The Bush/Cheney regime using John Yoo’s Torture memos tried to “rationalize” that even if the physical/psychological acts would ordinarily amount to torture in the average person’s eyes, by not having the “intent” to torture, our interrogators/torturers might be able to avoid criminal prosecution.
That “rationalization” by John Yoo didn’t even begin to pass the smell test of the vast majority of US lawyers. It even drew withering criticism within the Bush/Cheney regime’s own Department of Justice from the likes of even the 2nd highest official, James Comey, who was Deputy Attorney General.
The fact of the matter is that waterboarding is torture, and you joffen, like all the rest of the American people unfortunately are going to have to live with that fact.
That you are willing to excuse the use of torture says much about you, and it is not pretty.
Jessie Ventura talks about being waterboarded and he says it is torture.
Now you are finally getting to some truth and honesty here. And that’s progress.
I’d rather have those who approve of torture stand up and say so instead of denying that what is taking place is torture. It is a more honest and truthful dialogue.
I can’t say that I like that they approve of torture, but at least it is honest.

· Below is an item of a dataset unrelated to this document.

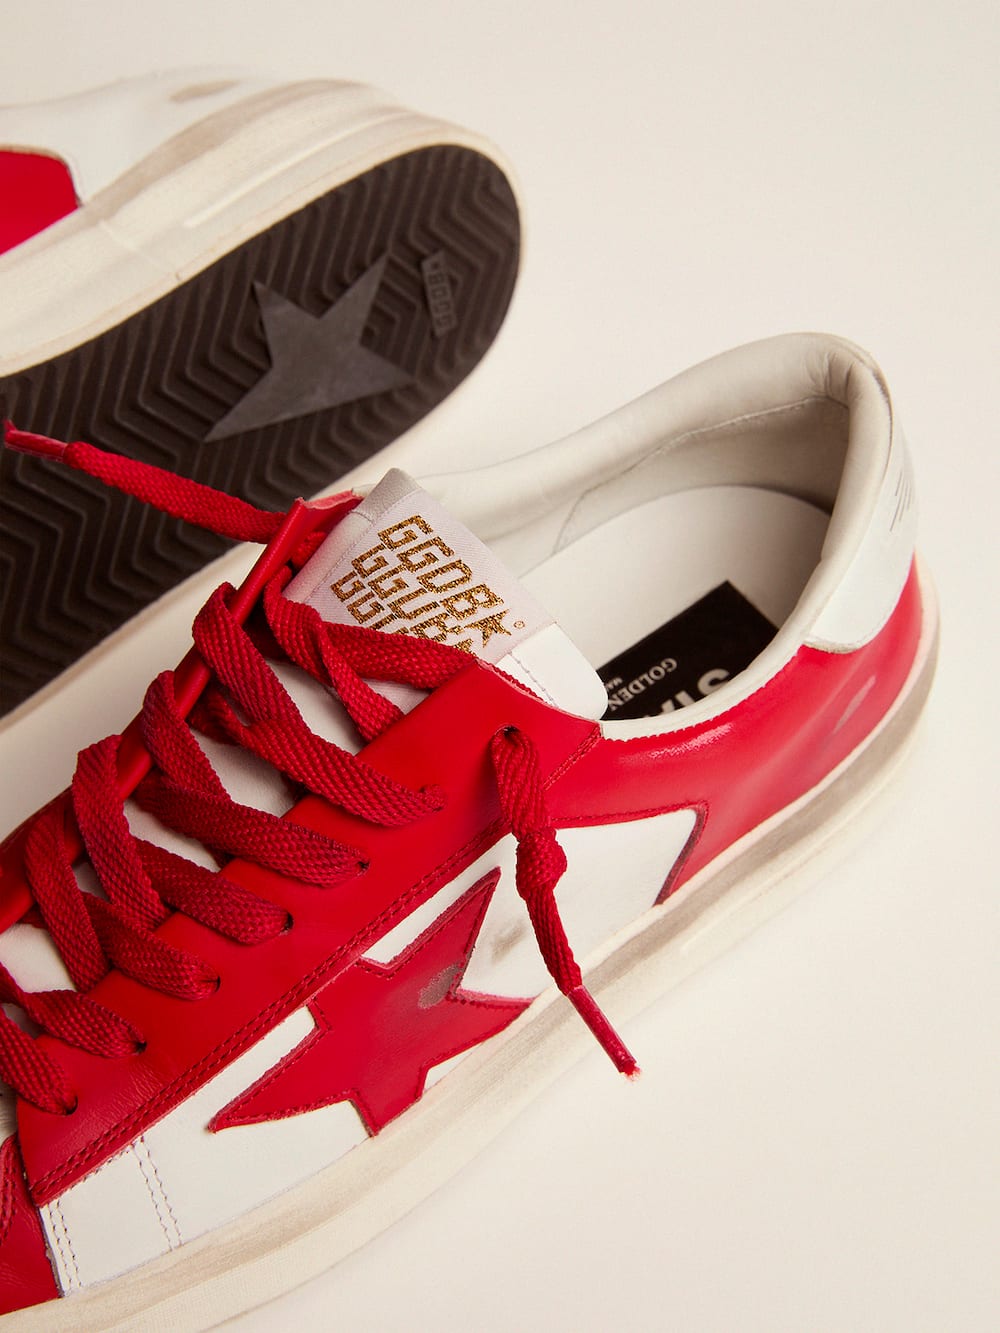 Golden Goose - Men's Stardan in white and red leather in

Yeah, and many other SERE participants have said the exact same thing.
Again, while torture itself appalls me, I must admit that I find folks who deny torture is torture even more appalling.
I wasn’t saying it WAS torture. It’s not. I was saying that it feels like torture. I’m sure if I forced you to watch Sean Hannity you’d describe it as torture.
Ahh, the disappointment.
Here we were thinking that finally reality set in, but it twasn’t to be.
You came so close, but that final step proved too much.
Well, the truth is out there if you’re ever so inclined.
That’s the funny thing about Truth. It doesn’t disappear just because one denies it. It always hangs around in case you might someday need it.
Well, nice job, MadDog. I’m sure many found it helpful, and maybe something for what I suppose is young joffen to think about.
Your problem is you won’t believe it.
It is Internationally recognized as a war crime and yes bush and cheney are international war criminals, uncharged yet.